AC Tout à fait. Dans le catalogue de cette œuvre, on m'a donné 60 pages pour faire ce que je voulais. J'ai donc empilé beaucoup d'images de référence - je dis empiler parce que je suis sculpteur et que je travaille normalement en empilant les choses - ainsi que de la poésie. Depuis mon adolescence, j'aime la poésie et je m'intéresse beaucoup au groupe Los Contemporaneos, qui était actif au Mexique dans les années 1920. Bien sûr, je lis toujours des poèmes de mes contemporains, comme Gabriela Jauregui, et j'adore William Carlos Williams ; je les cite souvent dans mes publications.
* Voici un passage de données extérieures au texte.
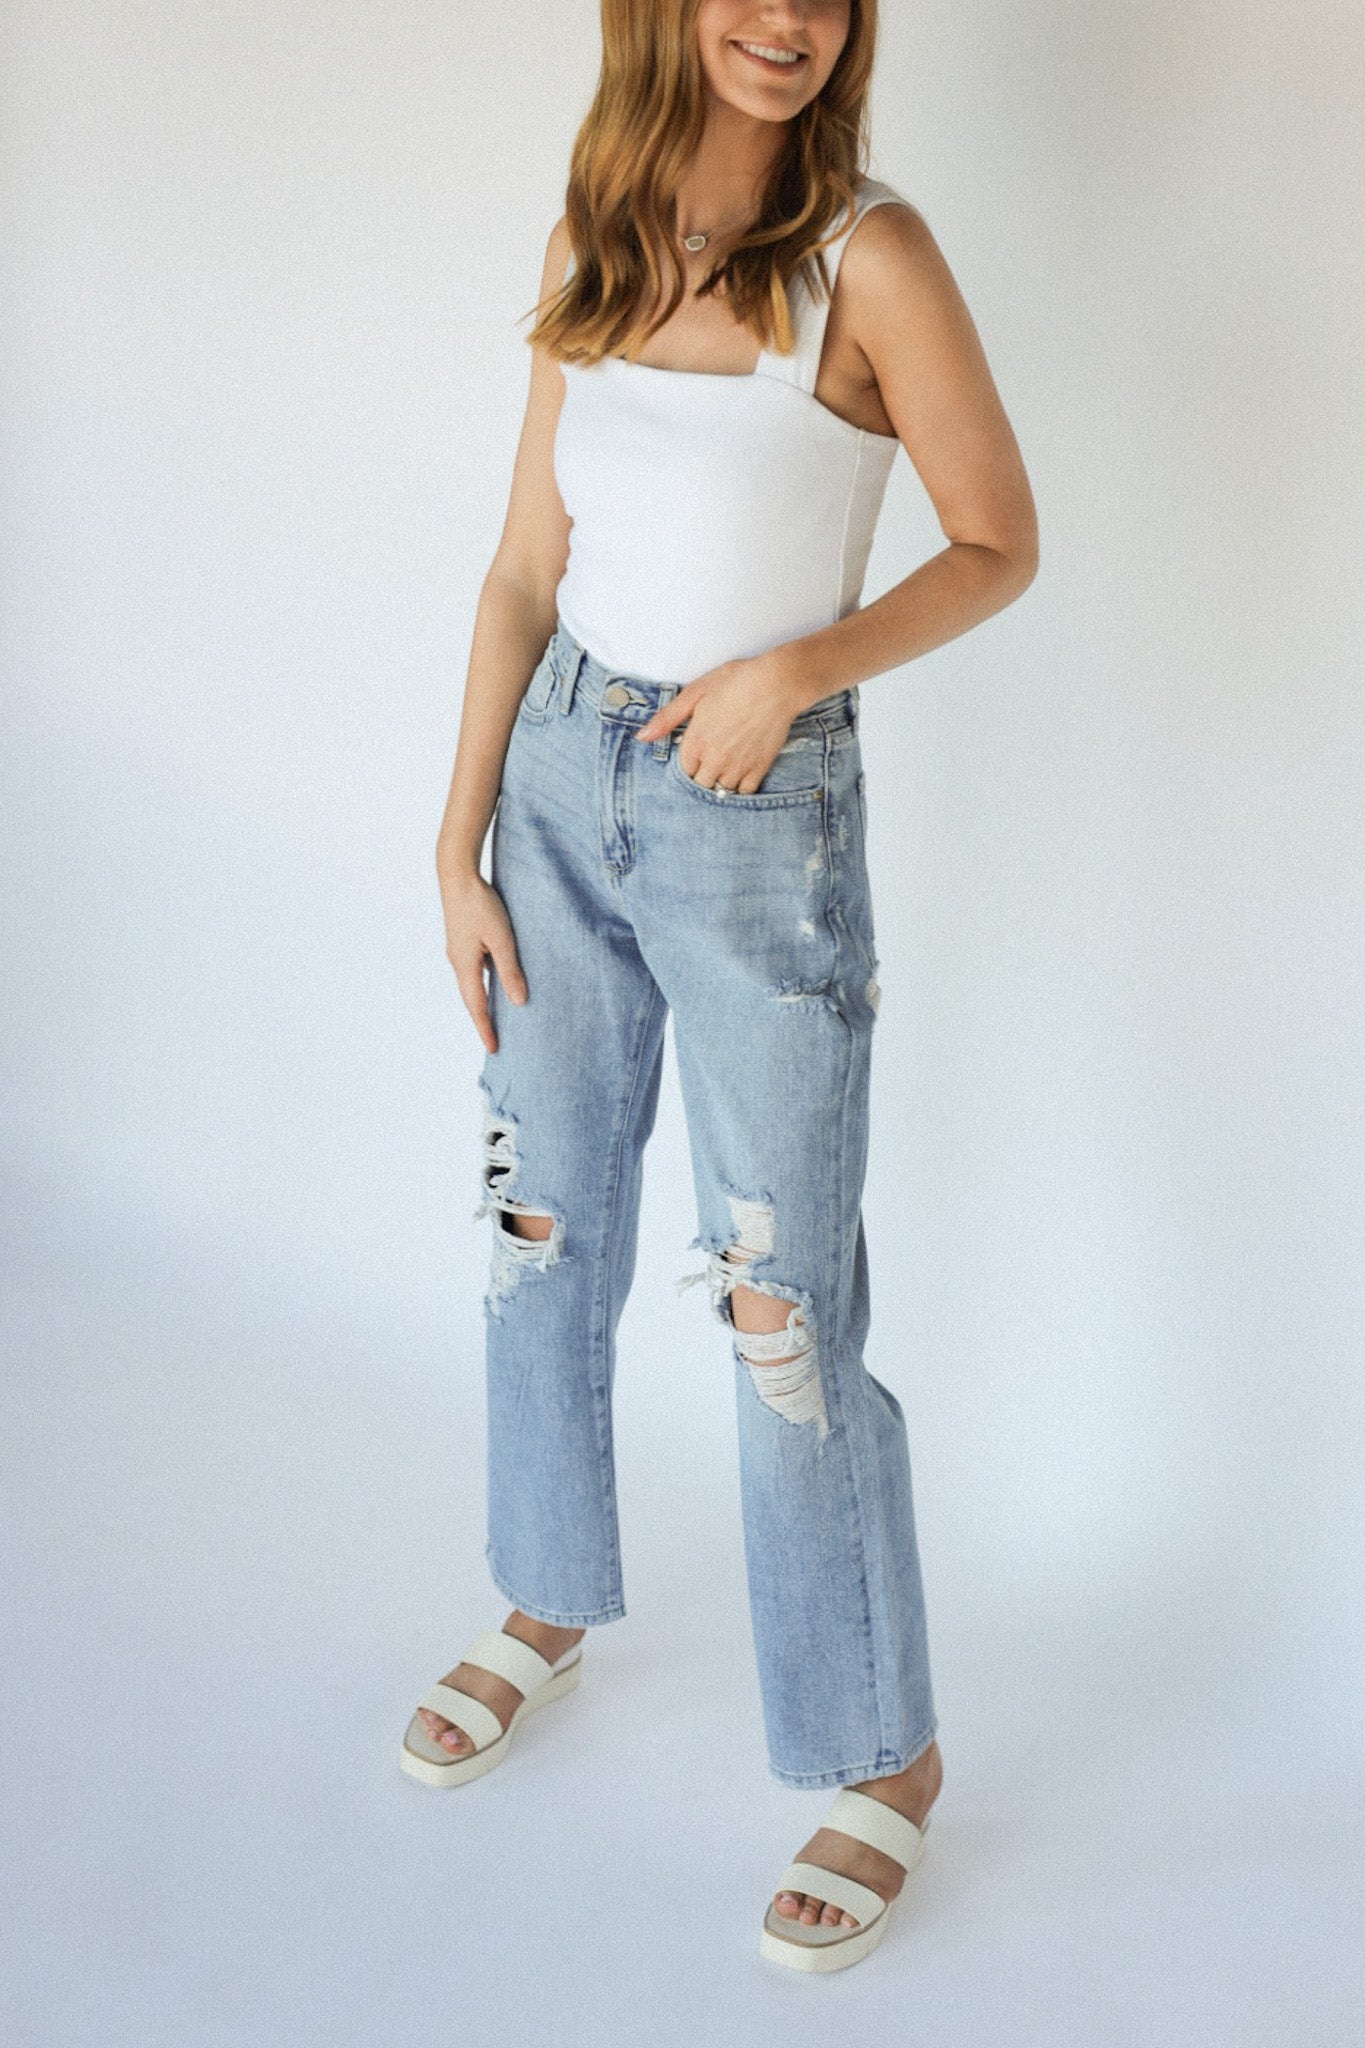 Not your dad's high rise denim

Dylan Thomas est également une grande source d'inspiration pour moi - je pourrais continuer à ajouter des noms...

PF Je trouve que c'est de la musique pour mes oreilles lorsque les gens franchissent ces limites. Puis-je vous poser une question sur l'espièglerie ? Lorsque j'écris, je dois me rappeler de jouer un peu, sinon les mots se perdent sur la page. Est-ce que c'est la même chose pour vous en tant que sculpteur ?

AC Oui. L'autre jour, je suis allé chercher de la terre dans une école de Londres. Au lieu d'aller chercher de la terre, nous avons organisé, disons, une conférence pour des enfants de huit et neuf ans. J'ai probablement reçu les meilleures questions de ma vie. Je suis très heureux d'avoir construit un espace dans lequel je peux devenir un enfant tout en travaillant. Ce genre de jeu que vous venez de décrire, comme d'empiler des choses de manière à ce qu'elles soient sur le point de s'effondrer ; à ce moment-là, mon travail est terminé. J'ai le privilège d'être un artiste - je serais stupide de ne pas profiter de l'apprentissage que représente le fait de pouvoir jouer dans une société et un univers aussi troublés.

Commission Hyundai 2015 : Abraham Cruzvillegas, Tate Modern Turbine Hall, organisée par Mark Godfrey avec Fiontán Moran, 13 octobre 2015 - 3 avril 2016.